Topic: Towards Effective Multi-Modal Human-AI Collaboration on Audio-Visual Data

Abstract: In our series of projects, we explore building multi-sensory human-AI collaborative systems to meet actual user needs in different areas. Here we present two projects: MIMOSA: A human-AI co-creation system for generating spatial audio effects on videos; BISCUIT: A multi-modal video scene exploration system for users with visual impairments

Topic: PEANUT: A Human-AI Collaborative Tool for Annotating Audio-Visual Data

Abstract: Annotating audio-visual datasets is laborious, expensive, and time-consuming. To address this challenge, we designed and developed an efficient audio-visual annotation tool called Peanut to accelerate the audio-visual data annotation process while maintaining high annotation accuracy.

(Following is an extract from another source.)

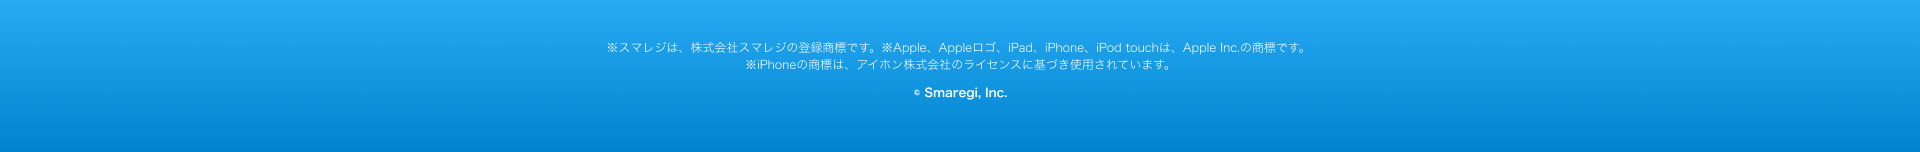 ※スマレジは、株式会社スマレジの登録商標です。 ※Apple、 Appleロゴ、iPad、iPhone、iPod touchは、 Apple Inc. の商標です。 ※iPhoneの商標は、アイホン株式会社のライセンスに基づき使用されています。
© Smaregi, Inc.

Topic:An Empirical Study on Model Errors and Users’ Error Repair Strategies in Natural Language Interfaces for Database Queries

Abstract: Recent advances in machine learning (ML) and natural language processing (NLP) have led to significant improvement in natural language interfaces for structured databases (NL2SQL). Despite the great strides, the overall accuracy of NL2SQL models is still far from being perfect. In this study, we analyzed the errors made by recent SOTA NL2SQL models and investigate the effectiveness of three interactive error-handling mechanisms.